Leif and the 1983 Nissan Maxima station wagon, 1983 - 1993




In the summer of 1983 we moved from Germany to Japan and sold the cars we had in Germany. In Japan, Peter W. bought a used Toyota Crown Super Saloon, which the boys thought was pretty snazzy, but except for one trip to Osaka and Kyoto, and some drives to Yokohama and Yokota Air Base, we didn't do much long distance traveling in it. It wasn't a sports car and I don't think Leif maintained any strong emotions about it.

However, when we were due to move from Japan to Hawaii in the summer of 1983, we had the opportunity to purchase a new car through a program where we could look at the cars there in Japan but would take possession of the US specification model in Hawaii, the transaction taking place through Guam.

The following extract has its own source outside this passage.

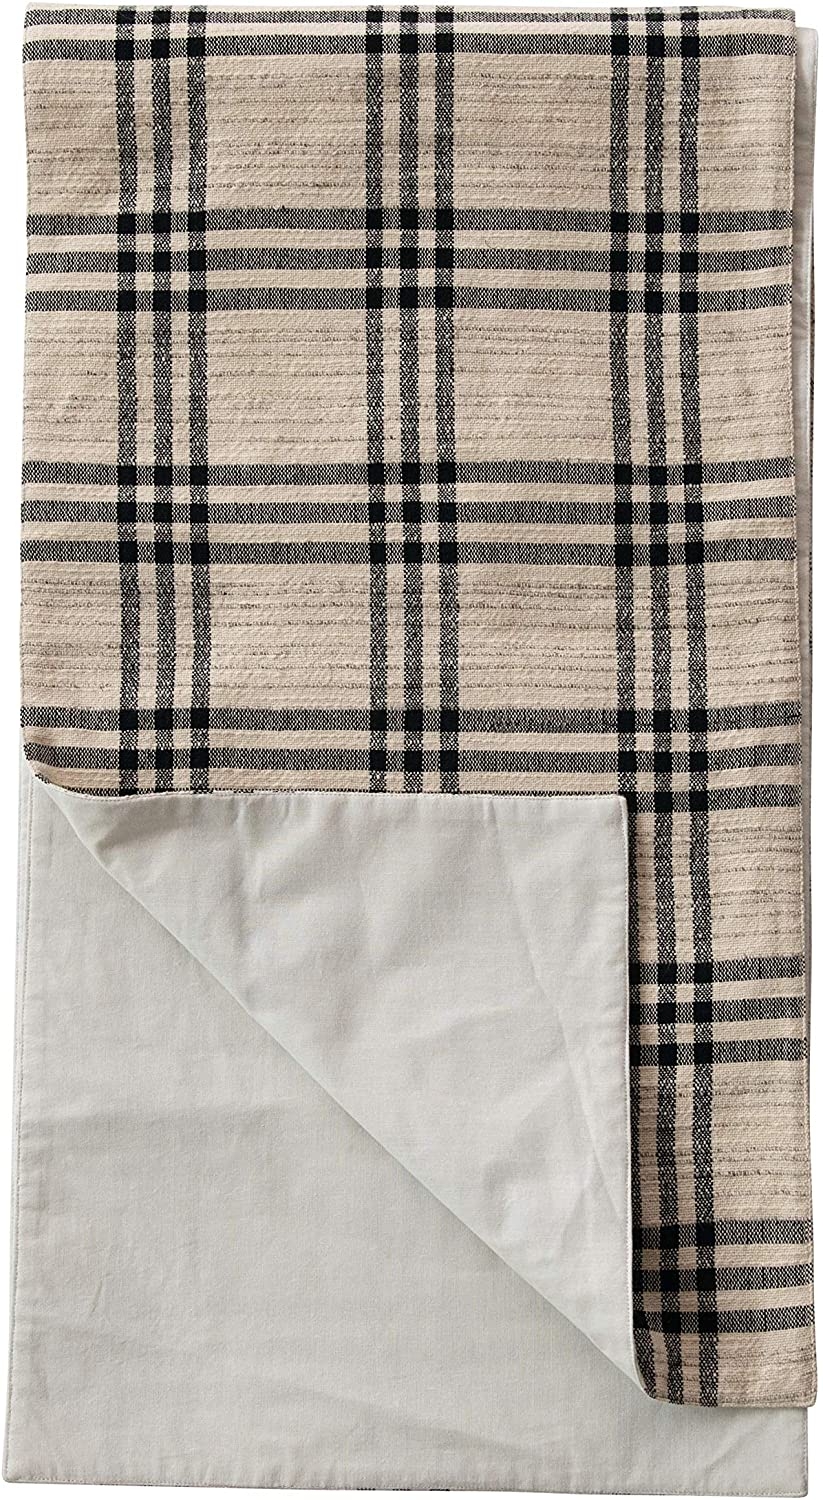 Black Plaid Woven Cotton and Wool Table Runner - Image 3

We took the boys along to shop for a car with us, and I remember trying out (that is, just sitting in and looking at the gadgets) the Nissan models. The boys insisted they wanted the Nissan Maxima station wagon. Not only was it practical for us, but it TALKED. And it had a great stereo system and nice upholstery. That was what impressed them, since they were way too young to be driving and we weren't offering any sports cars as options.

We purchased a silver 1983 Nissan Maxima station wagon, which served us well for many years, In fact, we still had it when Leif learned to drive ten years later! We picked up the Maxima in Hawaii. Peter W. drove it to work at Camp smith, but around the island and to the beach we usually took the little red Toyota Tercel that I bought used from Avis Rent a Car. It had plastic upholstery so trips to the beach didn't harm it, and it was cheaper to drive. Peter A. learned to drive in that Tercel while he was in high school in Hawaii, but drove the Maxima, too.

The highlight of Leif's car experiences in Hawaii was meeting David Hasselhof when he was starring in "Knight Rider" and seeing the famous car. He also got to see a variety of other fantastic sports cars on the island, and he started building plastic model cars, chief among them a black Lamborghini.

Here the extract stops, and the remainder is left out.